- [GIVEN DATA]
--*--

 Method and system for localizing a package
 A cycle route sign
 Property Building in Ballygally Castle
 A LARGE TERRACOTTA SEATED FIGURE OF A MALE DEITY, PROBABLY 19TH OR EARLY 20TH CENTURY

--*--

- [ASSIGNMENT] Restate all of the material exactly.

- [SOLUTION]
 Method and system for localizing a package
 A cycle route sign
 Property Building in Ballygally Castle
 A LARGE TERRACOTTA SEATED FIGURE OF A MALE DEITY, PROBABLY 19TH OR EARLY 20TH CENTURY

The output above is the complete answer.